Romesh Thappar v State of Madras
Restrictions on speech are valid under Article 19(2) only if aimed at undermining the security of the State, not the wider notion of public order or public safety.
Facts
The Government of Madras, acting under the Madras Maintenance of Public Order Act, banned the entry and circulation in the State of the English weekly 'Crossroads', published from Bombay, ostensibly to secure public safety and maintain public order. Romesh Thappar, the editor and publisher, challenged the ban as a violation of his freedom of speech and expression. He moved the Supreme Court directly under Article 32.
Issues
- Whether a law authorising restrictions on speech for 'public safety' and 'maintenance of public order' fell within the original Article 19(2), which permitted restrictions only against matters undermining the security of, or tending to overthrow, the State.
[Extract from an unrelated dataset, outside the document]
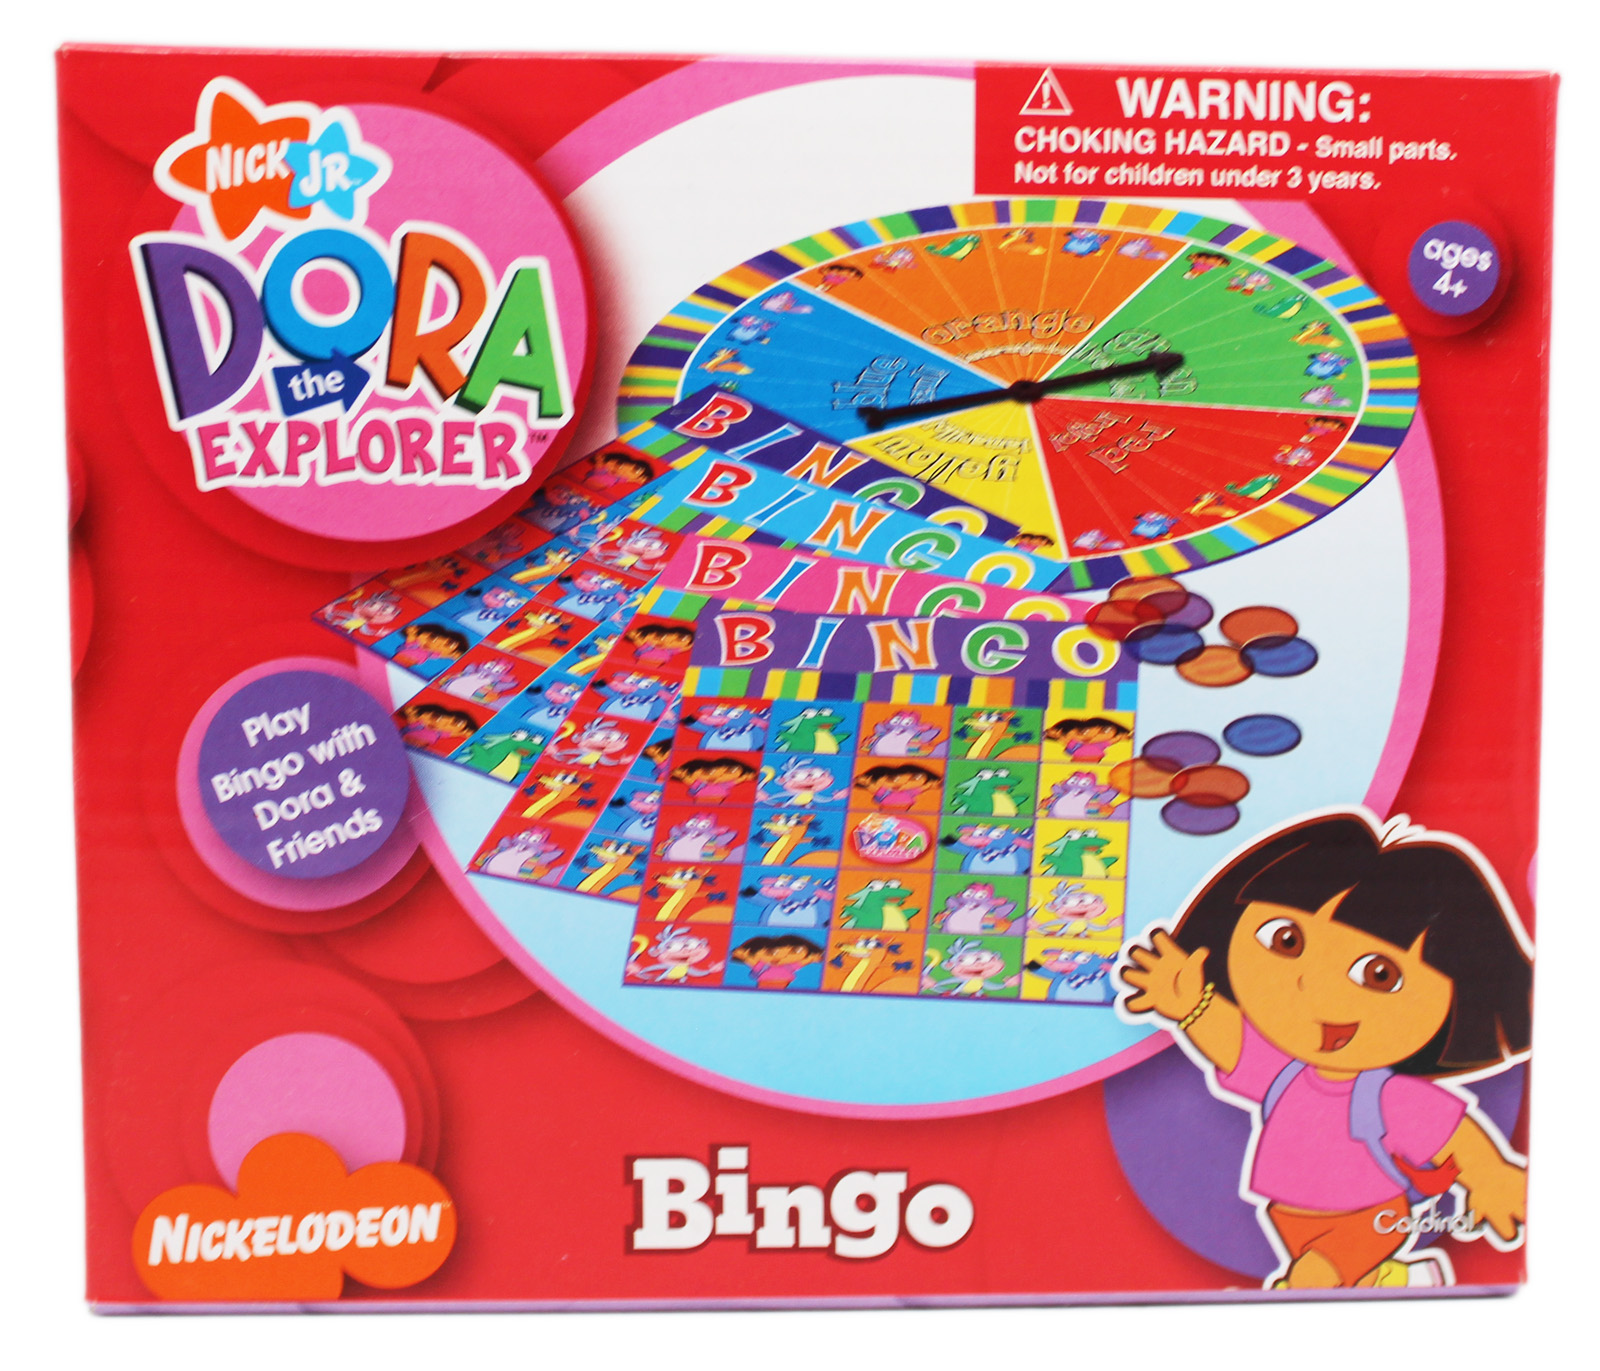 Dora the Explorer Kids Wheel Based Bingo Set (4 Player) by

- Whether the freedom of speech and expression includes the freedom of circulation and the freedom of the press.
Arguments
The State argued that maintaining public order and public safety justified the ban as falling within the protection of Article 19(2). Thappar argued that 'public safety' and 'public order' were far wider than 'security of the State', so a law sweeping in lesser matters could not be saved by the narrow original clause (2).
Held
The Court struck down the impugned provision. It held that 'public safety' and 'public order' had a much wider connotation than 'security of the State', covering trivial breaches of peace not amounting to threats to State security. Since the law was not directed solely against the undermining of State security but could restrict speech for ordinary public-order purposes, it fell outside the original Article 19(2) and was void. The Court noted that the framers had deliberately excluded 'sedition' from clause (2), signalling a narrow sphere of permissible restriction.
Ratio decidendi
Unless a law restricting freedom of speech is directed solely against the undermining of the security of the State or its overthrow, it cannot be saved by the (original) reservation in Article 19(2), even if conceived in the interests of public order. Freedom of speech includes the freedom of circulation.
Significance
A foundational free-speech decision and, with Brij Bhushan v State of Delhi, the trigger for the Constitution (First Amendment) Act 1951, which inserted 'public order' and 'reasonable' into Article 19(2). It remains the source of the principle that speech-restrictions must be construed narrowly and that circulation is part of the right.